*** Dataset extract ***

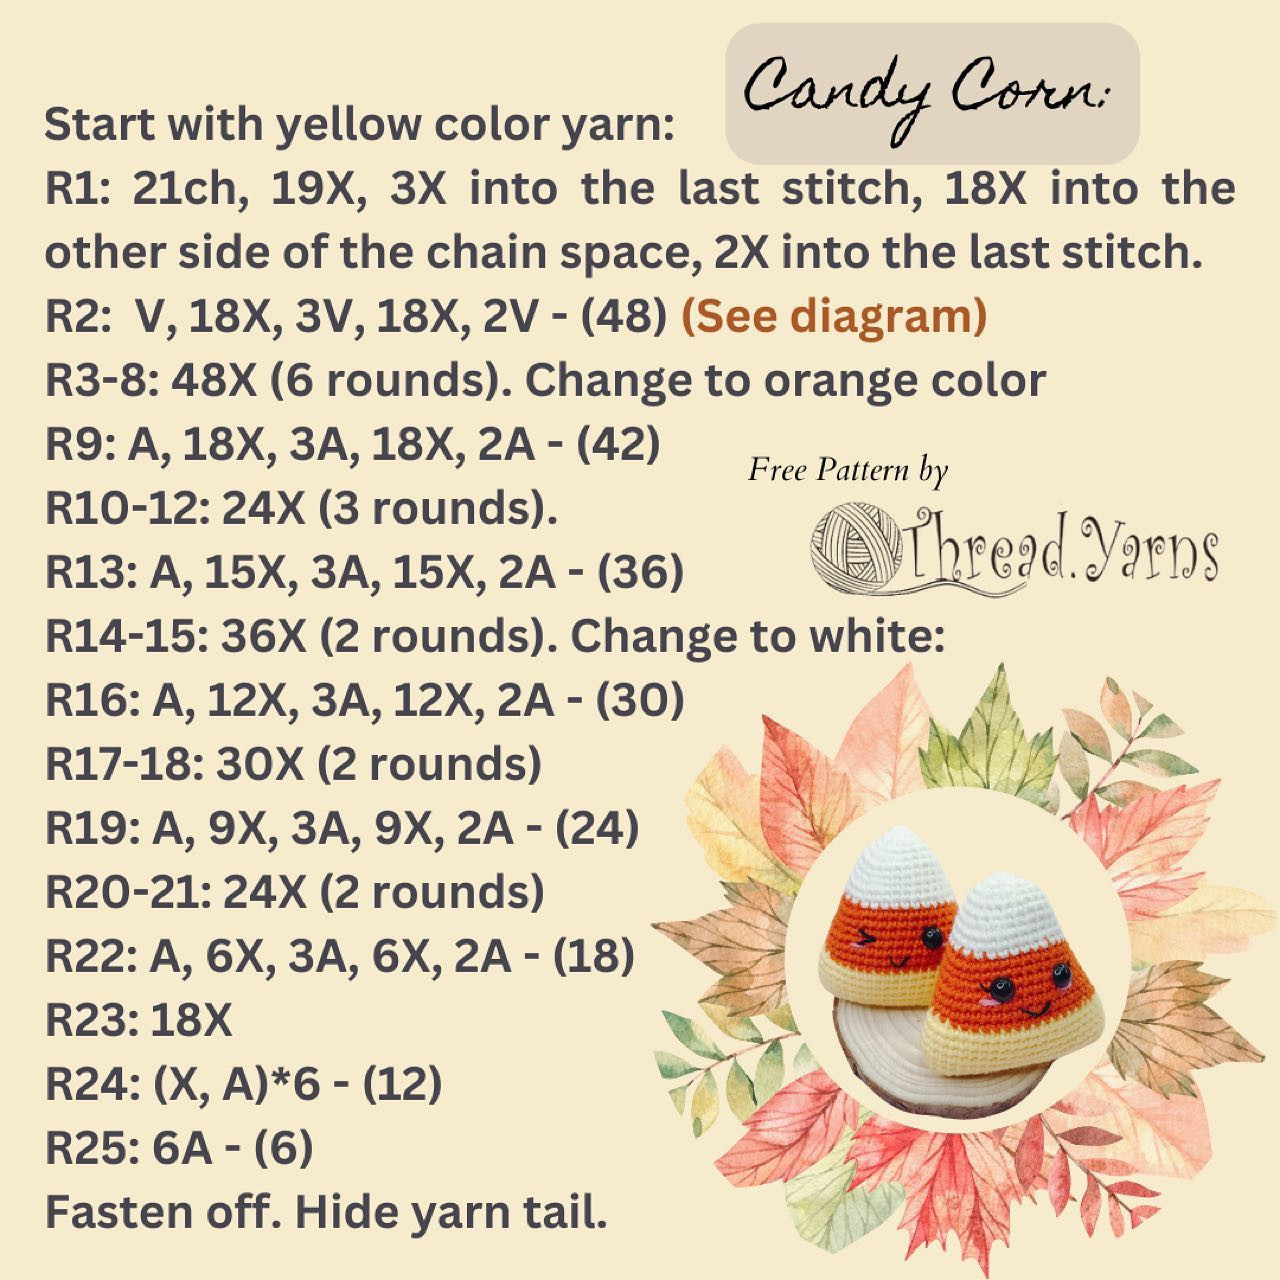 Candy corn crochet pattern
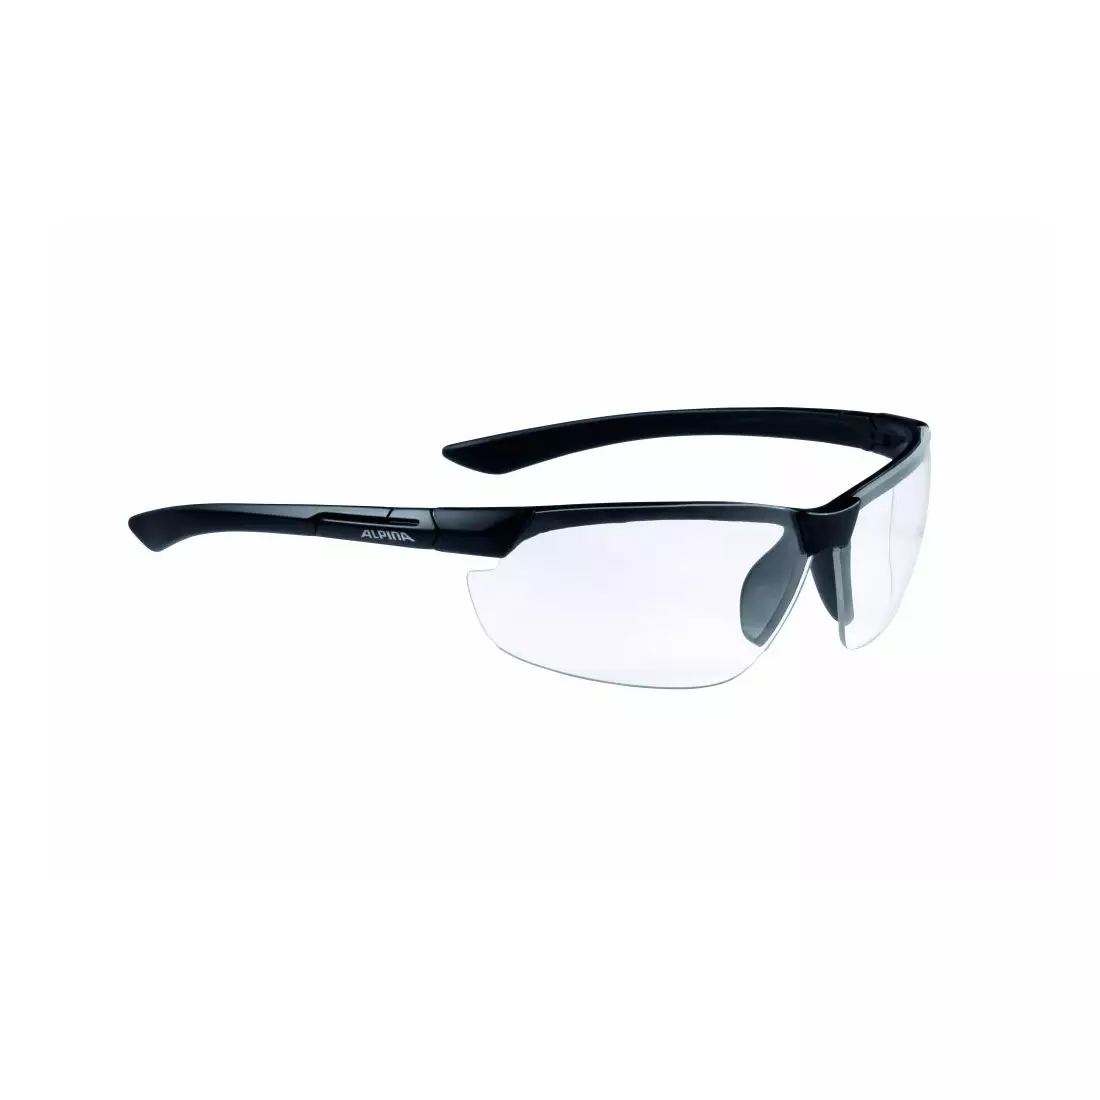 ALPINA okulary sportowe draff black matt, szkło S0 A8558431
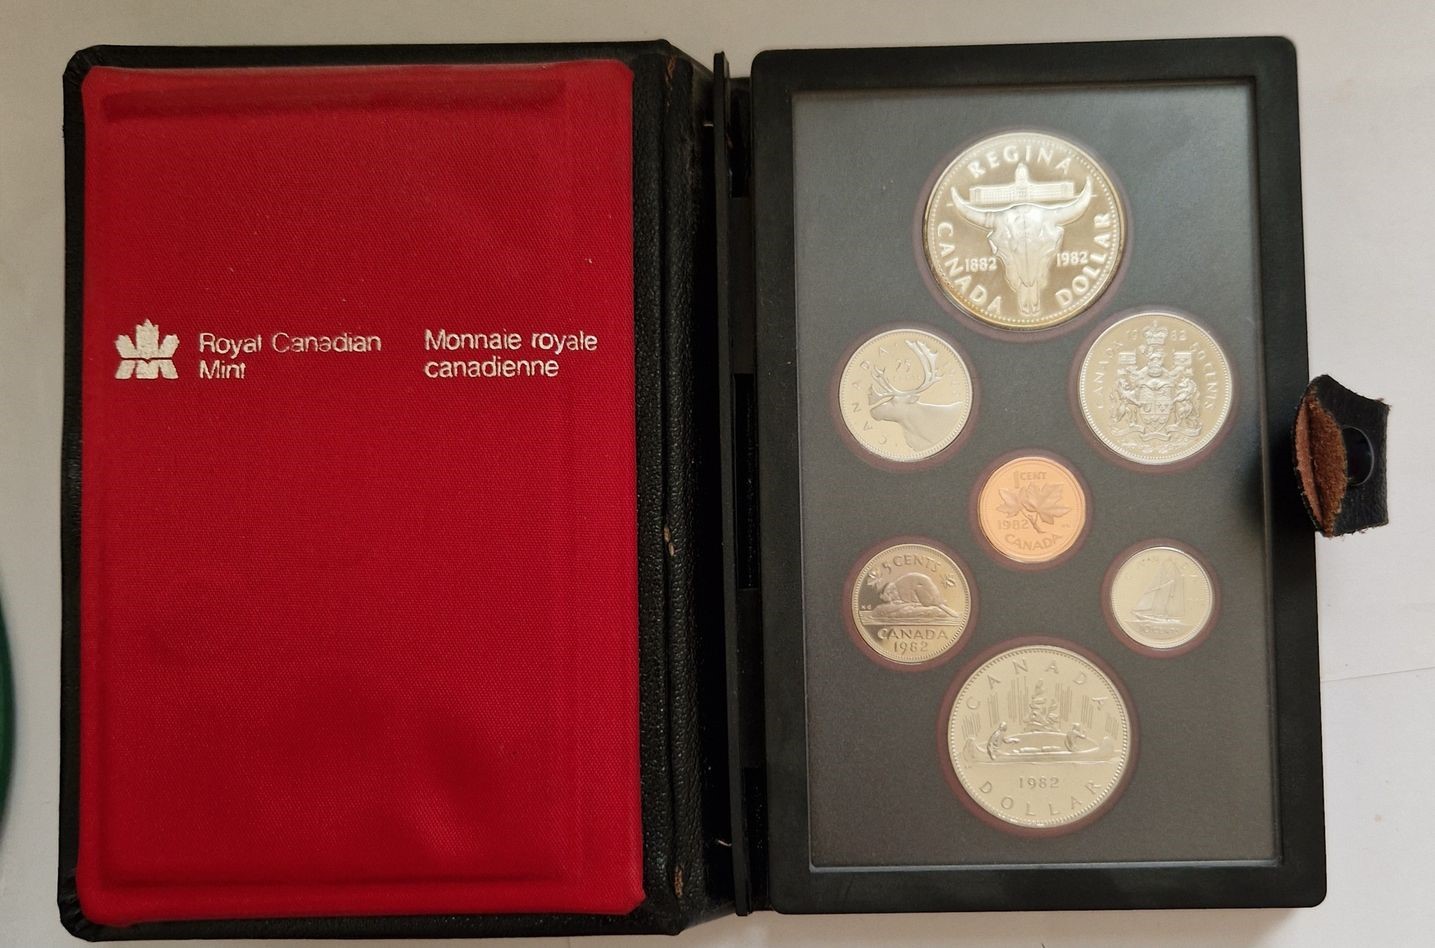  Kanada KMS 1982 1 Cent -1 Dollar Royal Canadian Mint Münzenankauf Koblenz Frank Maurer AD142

***

Beginning with the line that bears "ALPINA okulary sportowe", output each line through the last line of the listing exactly, and no others; skip the pictures.

**Worked solution:**
 ALPINA okulary sportowe draff black matt, szkło S0 A8558431
  Kanada KMS 1982 1 Cent -1 Dollar Royal Canadian Mint Münzenankauf Koblenz Frank Maurer AD142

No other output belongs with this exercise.